──────── DATA

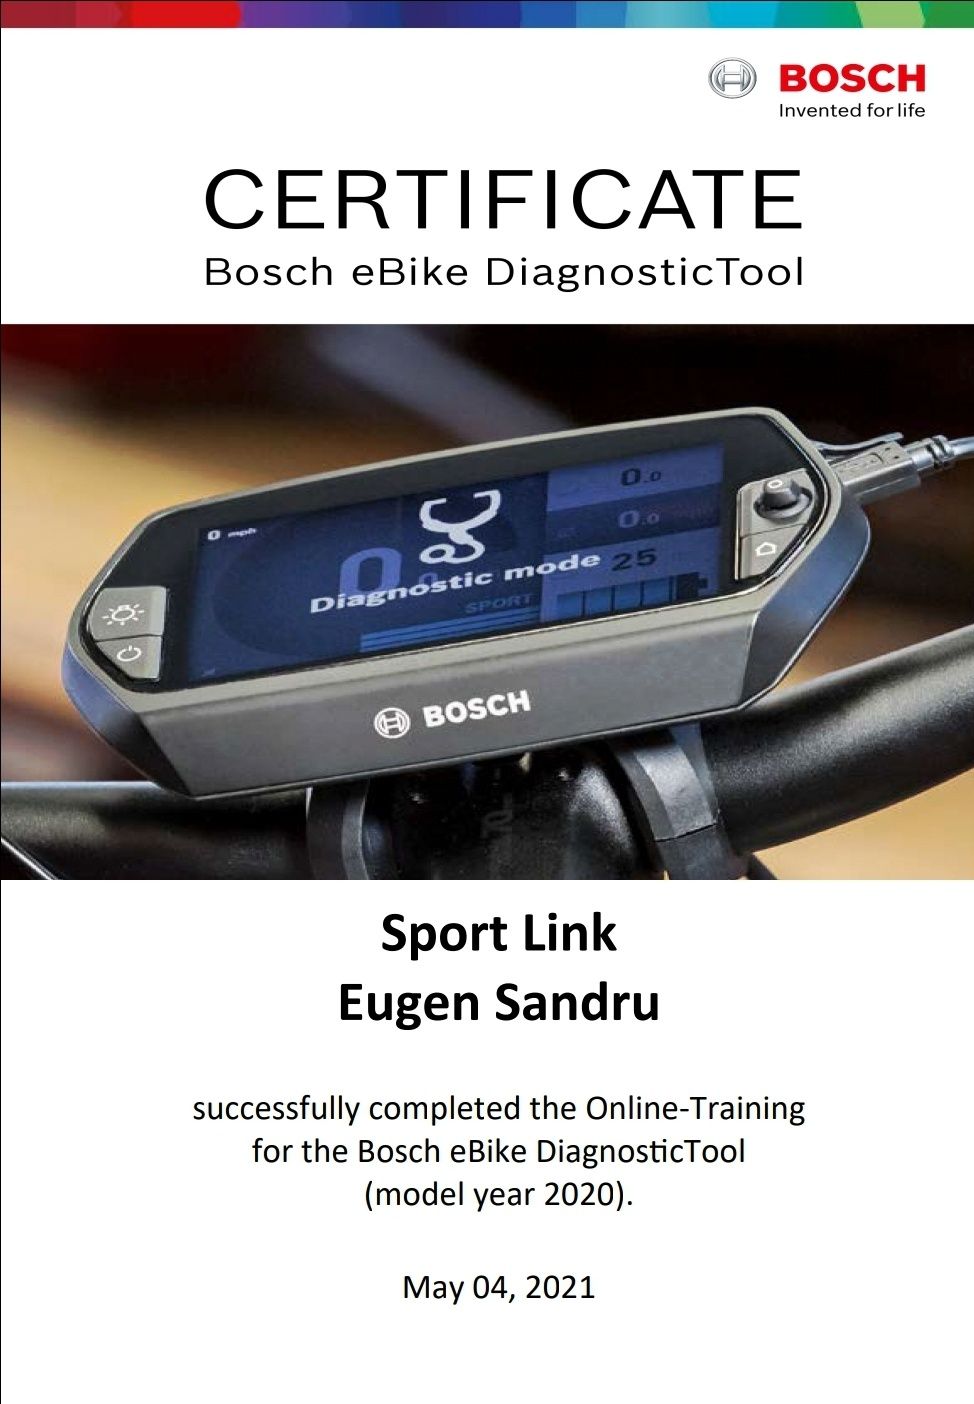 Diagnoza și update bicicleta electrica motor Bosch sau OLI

────────────────
──────── DATA

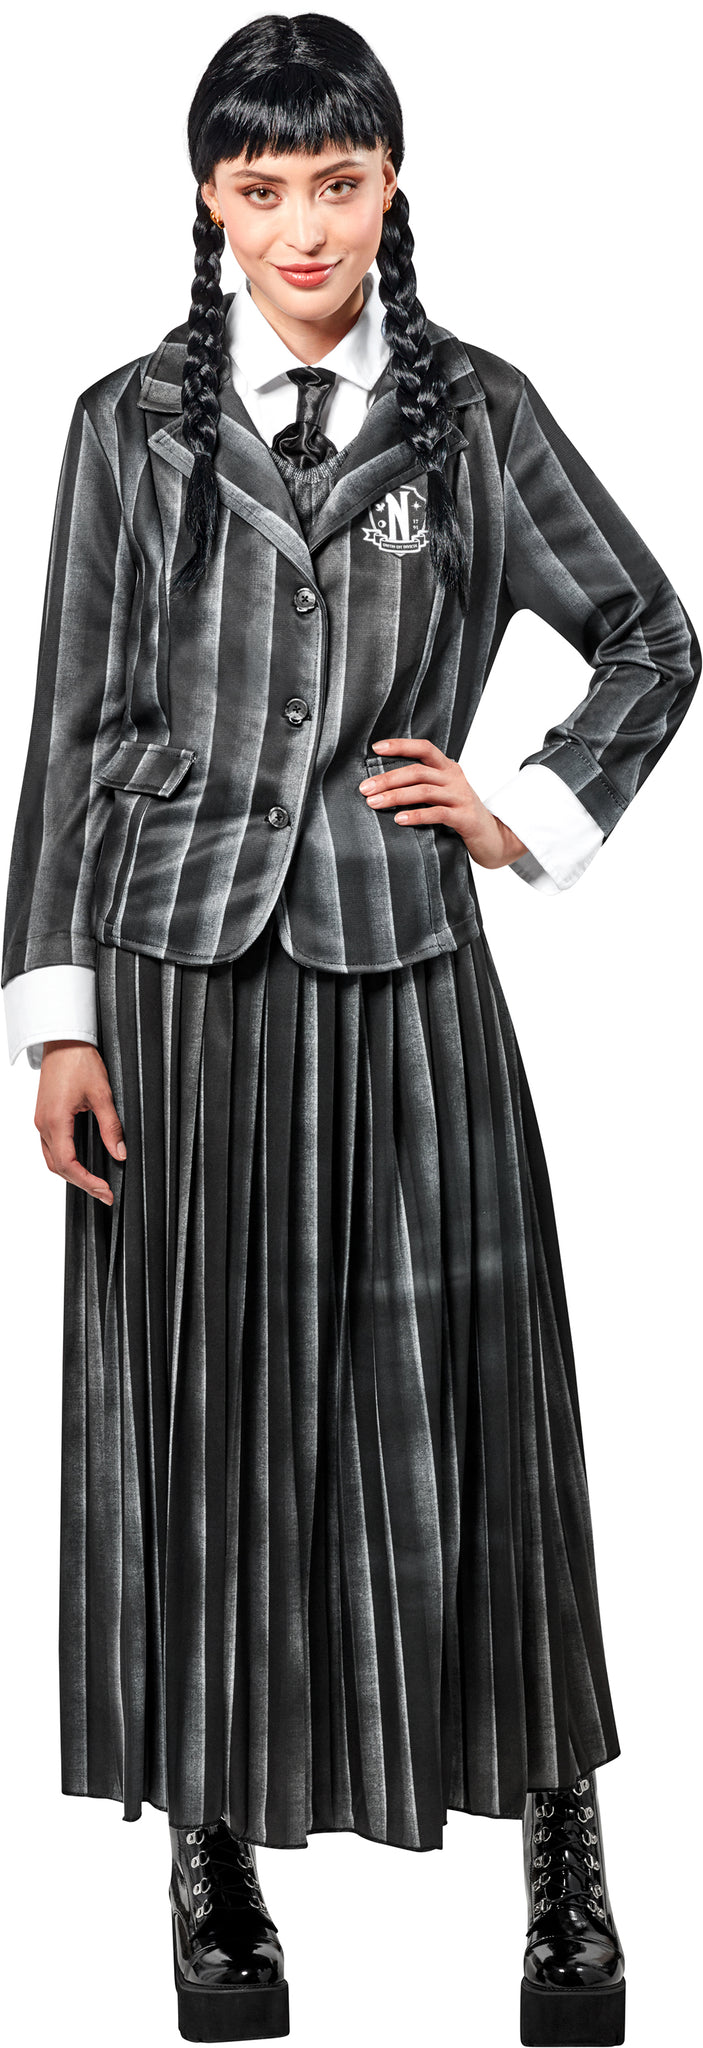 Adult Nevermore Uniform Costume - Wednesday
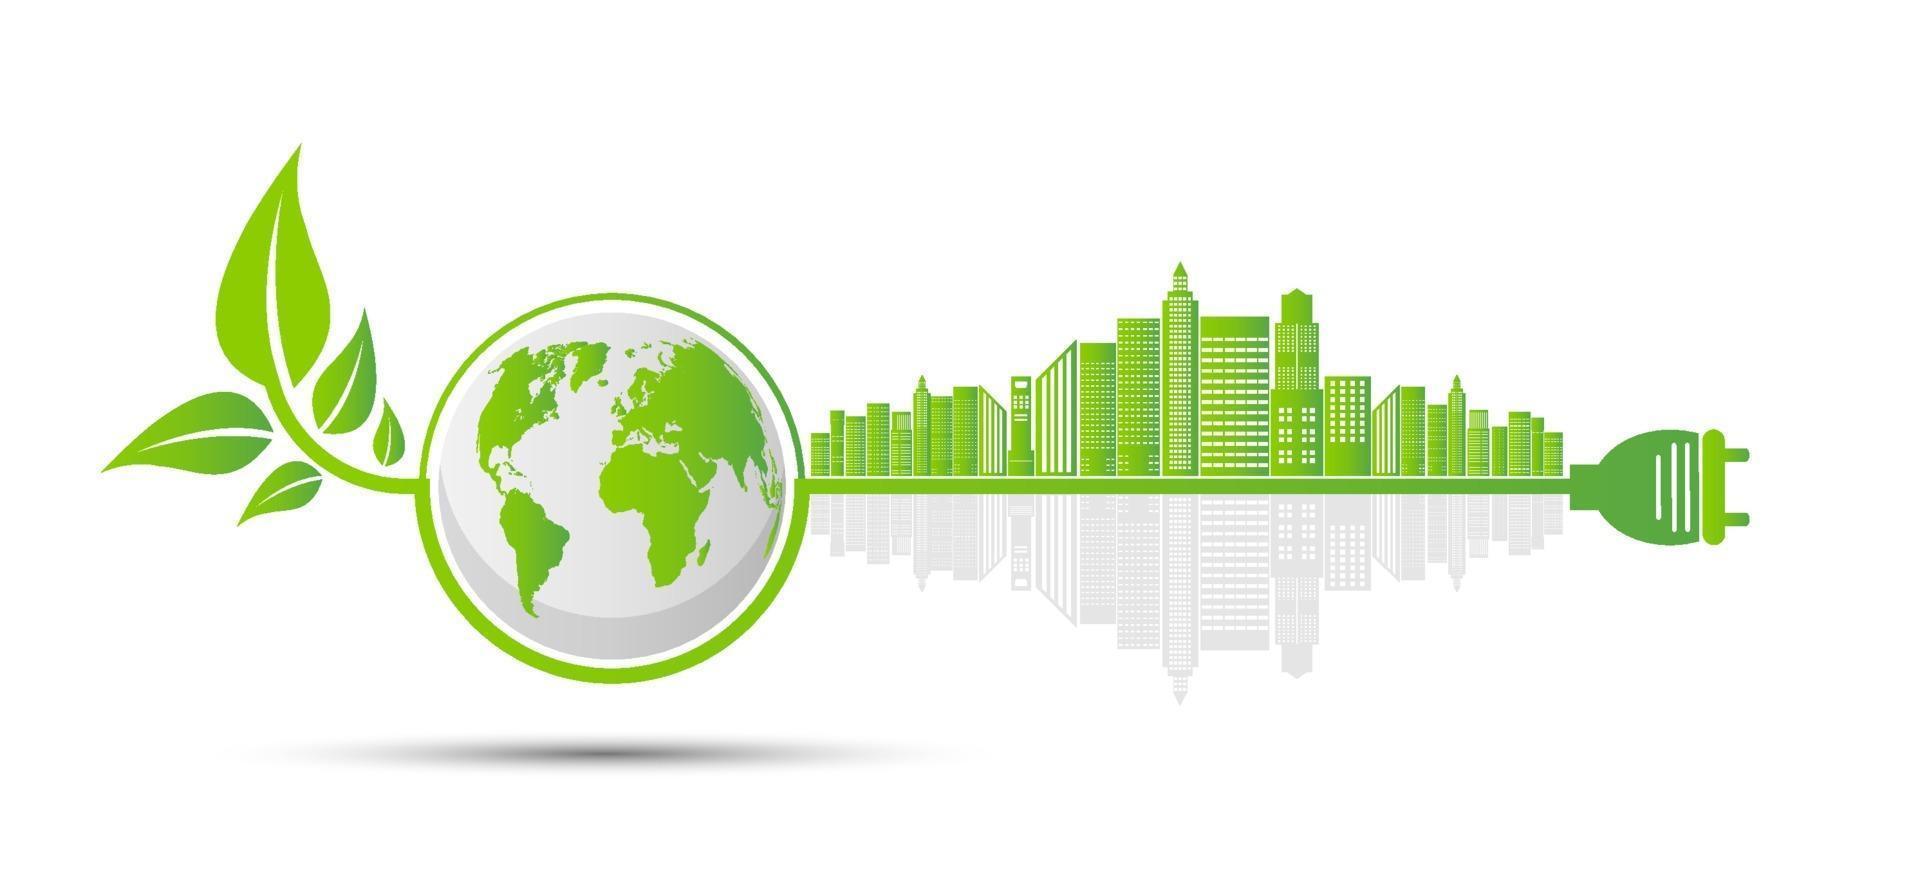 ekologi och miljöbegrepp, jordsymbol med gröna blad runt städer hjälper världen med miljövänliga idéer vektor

────────────────

EXERCISE AIM
Go back to the listing above and reproduce, exactly, the stretch from the line bearing "Adult Nevermore Uniform Costume - Wednesday" through the line bearing "ekologi och miljöbegrepp, jordsymbol", without its pictures.

YOUR SOLUTION
 Adult Nevermore Uniform Costume - Wednesday
 ekologi och miljöbegrepp, jordsymbol med gröna blad runt städer hjälper världen med miljövänliga idéer vektor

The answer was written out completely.